AMENDMENT NO. 3 TO AMENDED AND RESTATED AGREEMENT OF LIMITED PARTNERSHIP OF BUCKEYE PARTNERS, L.P.
Exhibit 3.1
AMENDMENT NO. 3 TO AMENDED AND RESTATED
AGREEMENT OF LIMITED PARTNERSHIP OF
THIS AMENDMENT NO. 3, dated as of October 1, 2013, to the AMENDED AND RESTATED AGREEMENT OF LIMITED PARTNERSHIP OF BUCKEYE PARTNERS, L.P. (this “Amendment”), dated as of November 19, 2010 (the “Partnership Agreement”), is entered into and effectuated by Buckeye GP LLC, a Delaware limited liability company, as the General Partner, pursuant to authority granted to it in Section 15.1 of the Partnership Agreement. Capitalized terms used but not defined herein are used as defined in the Partnership Agreement.
WHEREAS, Section 15.1(g) of the Partnership Agreement provides that the General Partner, without the consent of any Limited Partner, may amend any provision of the Partnership Agreement to reflect a change that in the good faith opinion of the General Partner does not adversely affect the Limited Partners in any material respect;
WHEREAS, the Board of Directors of the General Partner has determined that the standard set forth in Section 15.1(g) is satisfied; and
WHEREAS, the General Partner deems it in the best interest of the Partnership to effect this Amendment in order to allow for an increase in the size of the Board of Directors.
NOW, THEREFORE, it is hereby agreed as follows:
A. Amendments. Article XVI of the Partnership Agreement is hereby amended to restate Section 16.1(b)(vi) in its entirety as follows:
(vi) The number of Directors that shall constitute the whole Board of Directors shall not be less than six and not more than ten as shall be established from time to time by a resolution adopted by a majority of the Directors. The Directors shall be divided into three classes, Class I, Class II, and Class III. The number of Directors in each class shall be the whole number contained in the quotient arrived at by dividing the authorized number of Directors by three, and if a fraction is also contained in such quotient, then if such fraction is one-third, the extra director shall be a member of Class I and if the fraction is two-thirds, one of the extra directors shall be a member of Class I and the other shall be a member of Class II. Each Director shall serve for a term ending as provided herein. At each annual meeting of Limited Partners, successors to the class of Directors whose term expires at that annual meeting shall be elected for a three-year term.

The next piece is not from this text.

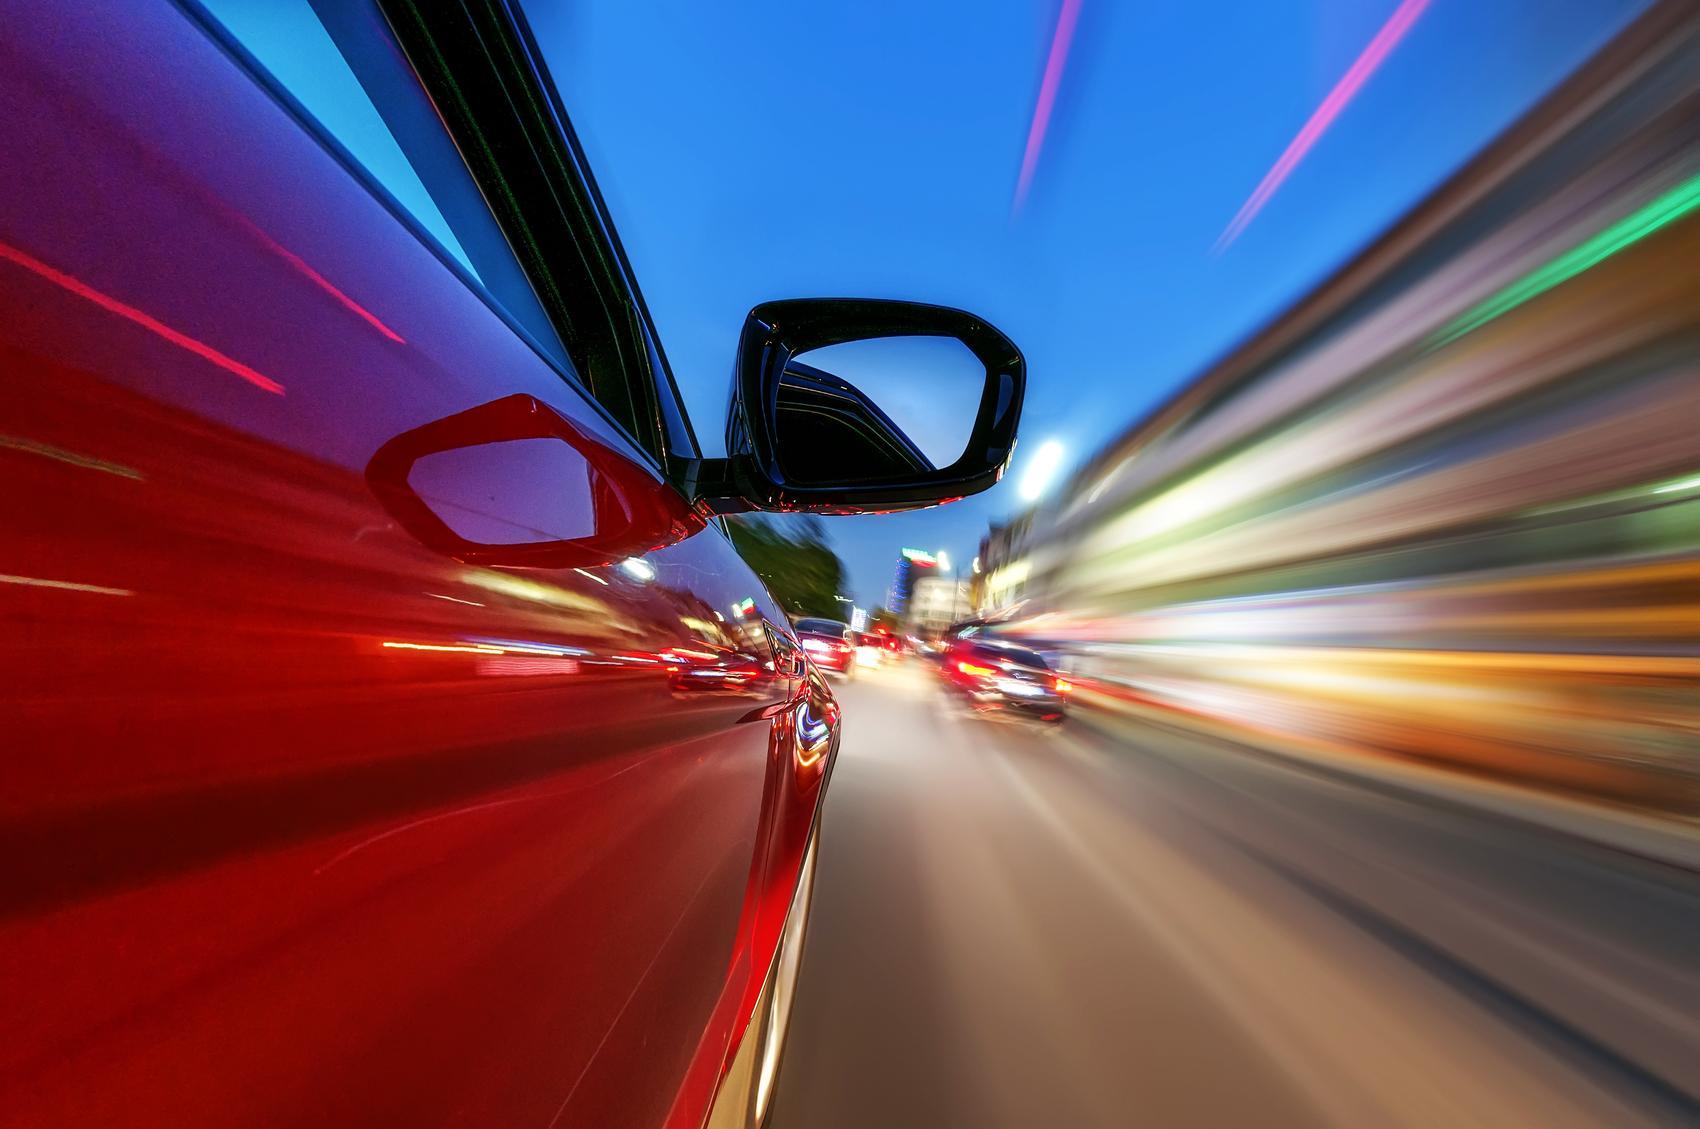 img_why_a_car_jerks_when_accelerating_11142_orig.jpg

B. Agreement in Effect. Except as hereby amended, the Partnership Agreement shall remain in full force and effect.
C. Applicable Law. This Amendment shall be construed in accordance with and governed by the laws of the State of Delaware, without regard to principles of conflicts of laws.
D. Severability. Each provision of this Amendment shall be considered severable and if for any reason any provision or provisions herein are determined to be invalid, unenforceable or illegal under any existing or future law, such invalidity, unenforceability or illegality shall not impair the operation of or affect those portions of this Amendment that are valid, enforceable and legal.
[Signature on following page]
IN WITNESS WHEREOF, this Amendment has been executed as of the date first written above.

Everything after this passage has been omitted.